PROJECTION OF HIGH-DIMENSIONAL GENOME-WIDE EXPRESSION ON SOM TRANSCRIPTOME LANDSCAPES

writen by Maria Nikoghosyan, Henry Loeffler-Wirth, Suren Davidavyan, Hans Binder and Arsen Arakelyan

The self-organizing maps portraying has been proven to be a powerful approach for analysis of transcriptomic, genomic, epigenetic, single-cell, and pathway-level data as well as for “multi-omic” integrative analyses. However, the SOM method has a major disadvantage: it requires the retraining of the entire dataset once a new sample is added, which can be resource- and time-demanding. It also shifts the gene landscape, thus complicating the interpretation and comparison of results.

To overcome this issue, we have developed two approaches of transfer learning that allow for extending SOM space with new samples, meanwhile preserving its intrinsic structure. The extension SOM (exSOM) approach is based on adding secondary data to the existing SOM space by “meta-gene adaptation”, while supervised SOM portrayal (supSOM) adds support vector machine regression model on top of the original SOM algorithm to “predict” the portrait of a new sample.

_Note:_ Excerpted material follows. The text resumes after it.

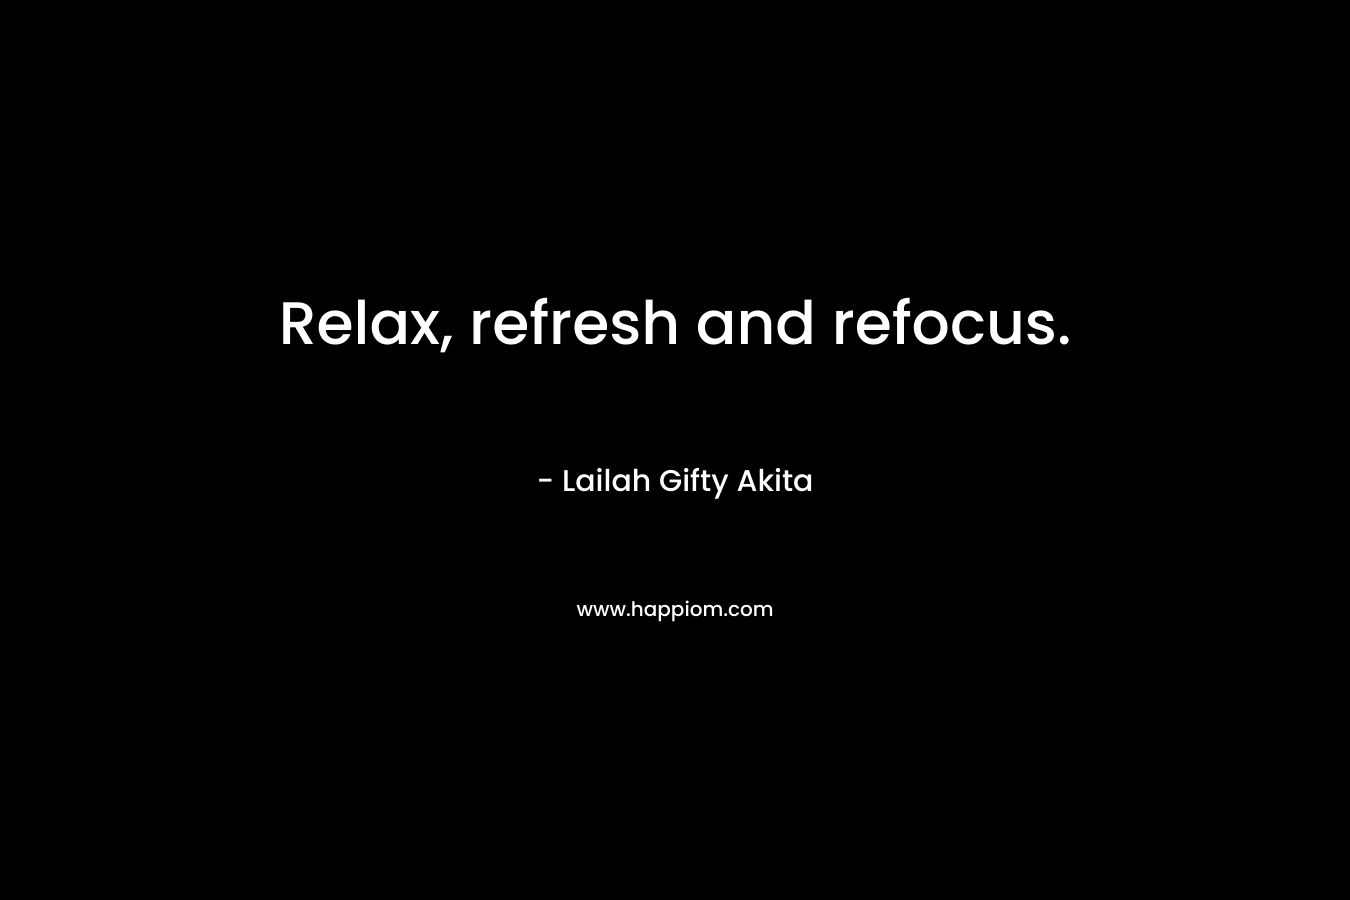 Relax, refresh and refocus. – Lailah Gifty Akita

Both methods have been shown to accurately combine existing and new data. With simulated data, exSOM outperforms supSOM for accuracy, while supSOM significantly reduces the computing time and outperforms exSOM for this parameter. Analysis of real datasets demonstrated the validity of the projection methods with independent datasets mapped on existing SOM space. Moreover, both methods well handle the projection of samples with new characteristics that were not present in training datasets.

Conclusions:

In this paper, we described options for extending SOM-based high-dimensional transcriptomic data portraying with additional, independent samples. The two extension approaches presented enable overcoming the main limitation of SOM machine learning, namely, that adding samples or complete datasets changes the intrinsic primary structure of primary SOM. Both exSOM and supSOM demonstrated their utility in overcoming this drawback. Both methods have their advantages and disadvantages: while exSOM seems more accurate, supSOM is time-efficient. From the methodical side, the novelty of the study is provided by the combination of previous SOM portrayal neural network machine learning with extrapolation of metagene values for novel samples using additive transfer learning approaches which transfer novel data into a multidimensional space obtained from previously collected data. The novel methods considerably widen the application range of SOM portrayal because they not only make computations more effective but, especially, because they enable usage of always analyzed data space for novel samples. Analysis of inflammatory disease and cancer datasets demonstrated the validity of the projection methods with independent datasets mapped on existing SOM space.

Moreover, we showed that the methods well handle the projection of samples with new characteristics that were not present in training datasets (see the “inflammatory bowel disease response to infliximab” section of the Results).Thus, we demonstrated that SOM extension methods (exSOM and supSOM) can remarkably extend the usage scenarios of SOM “molecular data portrayal” approaches.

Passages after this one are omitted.